QUINTO.-Pues bien, el éxito de la venta fue procurado y gestionado totalmente, en relación con la efectiva compraventa del ático, del EDIFICIOS000 , entre la vendedora 'Promotora Reina, 1957, S.A.' y el Sr. Ángel . Carlos Manuel , por el Luis Carlos , y no por la Sra. Sofía , siquiera en parte, siendo que tales gestiones y eficacia se retrotraen a mucho antes de la fecha en que el Sr. Luis Carlos cesó como colaborador de la demandada (junio de 2009) y los finalizó, aun cuando la escritura pública de compraventa fuese otorgada el 8 de julio de 2009, en cuyo acto se hallaban presentes, además de los contratantes, tanto el Sr. Luis Carlos como la Sra. Sofía .
En el mismo sentido se pronunció el testigo Sr. Eladio quien, además de ratificar el contenido de los documentos 28 (de la demanda), y 5 y 6 (de la contestación) manifestó que pagó la comisión a la entidad demandada, que el Sr. Luis Carlos gestionó la venta desde el inicio y estuvo presente en las reuniones, precios, ofertas, y en la Notaría, que no tuvo contactos con la Sra. Sofía salvo el día del otorgamiento de la escritura pública, que pactó la señal, el contrato privado y la instalación de una cocina con el Sr. Luis Carlos ; que el cliente lo trajo el Sr. Luis Carlos , el cual actuaba como representante de la demandada; que no conocía de antes al comprador; que el actor intervino en varias visitas y vino a la Notaría con el cliente, y que pagó la comisión al producirse el resultado y al otorgar la escritura pública de compraventa; dando aún más credibilidad a la tesis defendida por la parte demandante.

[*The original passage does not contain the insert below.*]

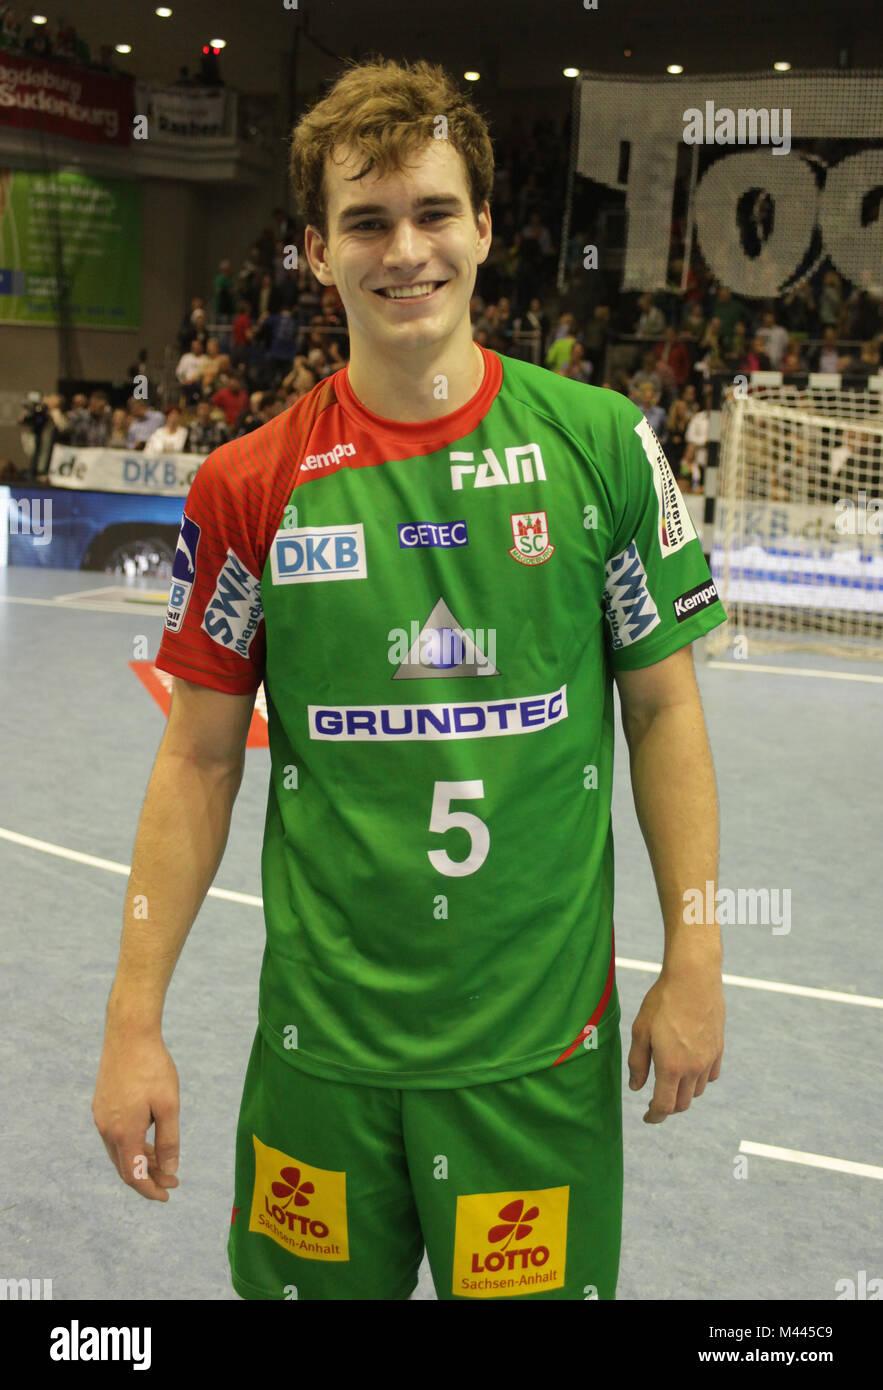 deutscher Handballspieler Maximillian Janke -Saison 2013/14 SC Magdeburg - Stock Image
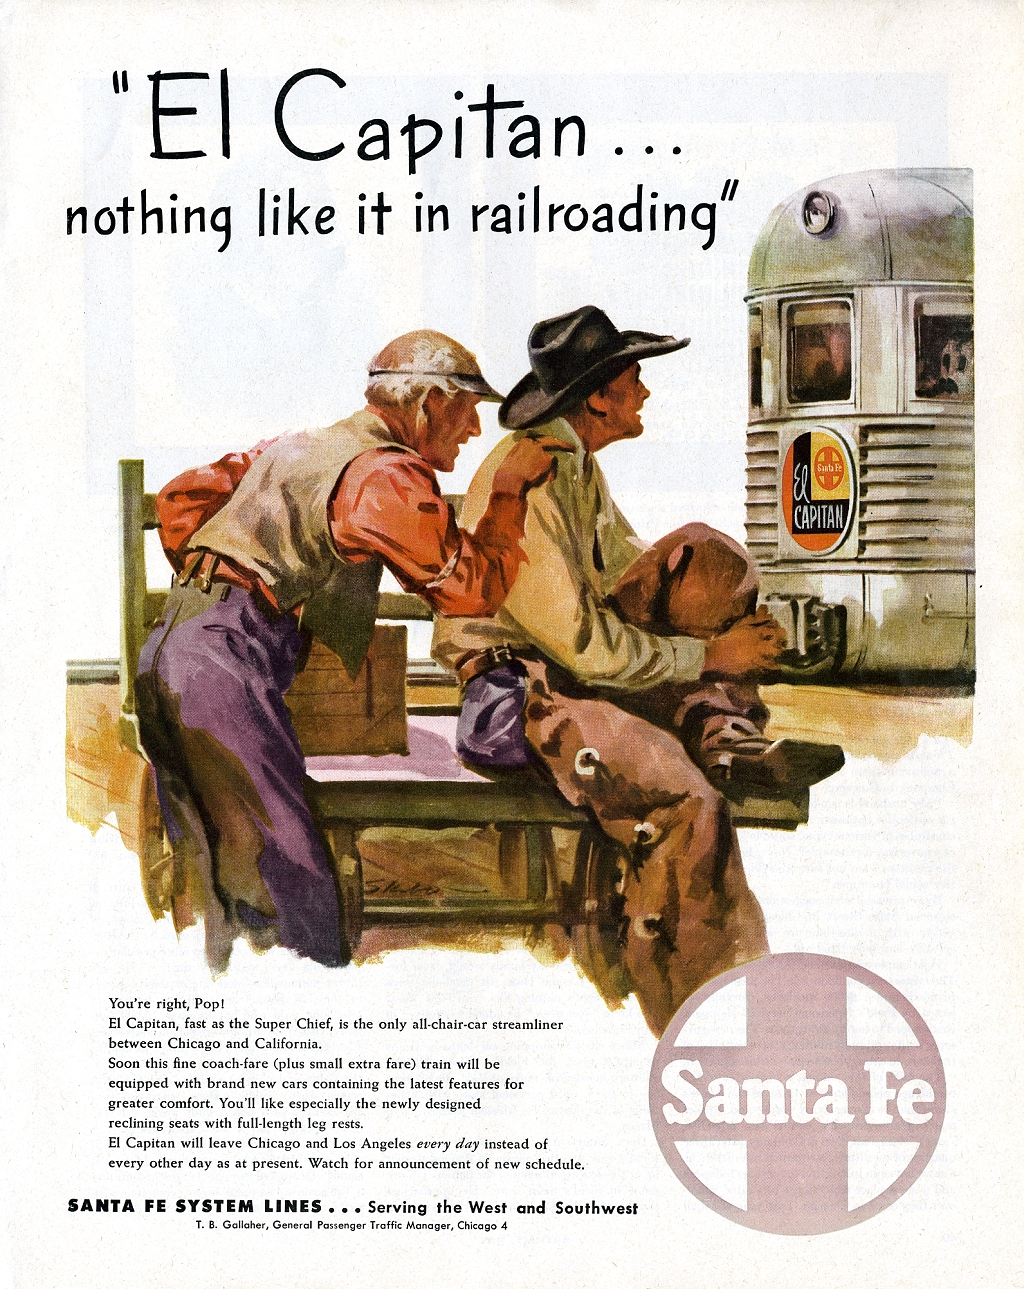 Santa Fe System Lines (Atchison, Topeka and Santa Fe Railway) - 1953

Y, siendo el precio de la venta, de 2.170.000,- Euros, y la comisión percibida por la demandada por parte de la Promotora de 130.200,- Euros, más IVA, es decir, al tipo del 6%, corresponde un 20%del anterior al Sr. Luis Carlos ( 26.040,- Euros), según las dos posibilidades que recoge el documento manuscrito, según el número de ventas y el período anual, más el IVA al 16%, y con deducción de la retención del IRPF al 15%; que determinan un total de 25.675,44 Euros.
SEXTO.-La estimación parcial del recurso de apelación en su petición subsidiaria, y la correlativa estimación parcial de la demanda, impiden hacer expresa imposición a las partes de las costas procesales causadas, en ambas instancias, en estricta aplicación de los principios objetivo y de vencimiento, y conforme a lo prevenido en los arts. 398 , 395 y 394 de la Ley de Enjuiciamiento Civil .
En atención a lo expuesto, esta Sala de la Sección Quinta de la Audiencia Provincial de Palma de Mallorca,
Fallo
1º) Estimar en parte el recurso de Apelación interpuesto por el Procurador de los Tribunales D. Luis Enríquez de Navarra Murieras, en representación de la entidad 'Palma Deluxe Properties, SL', contra la Sentencia de fecha 21 de septiembre de 2012, dictada por el Juzgado de Primera Instancia nº 9 de esta Capital , en los autos de Juicio Ordinario número 1296/2010, de que dimana el presente Rollo de Sala; cuya resolución en parte se revoca; y en su virtud,
2º) Que, estimando parcialmente la demanda formulada por el Procurador de los Tribunales D. Javier Delgado Truyols, en representación de D. Luis Carlos , contra la entidad 'Palma Deluxe Properties, SL', declaramos que la demandada adeuda al actor la cantidad de 25.675,44 Euros; y condenamos a la entidad demandada al pago de la indicada suma, con más sus intereses legales desde la fecha de la presentación de la demanda; y sin hacer expresa imposición a las partes de las costas causadas en la instancia.
3º) Noprocede hacer especial pronunciamiento respecto de las costas procesales devengadas en esta alzada.
Así, por esta nuestra Sentencia, lo pronunciamos, mandamos y firmamos.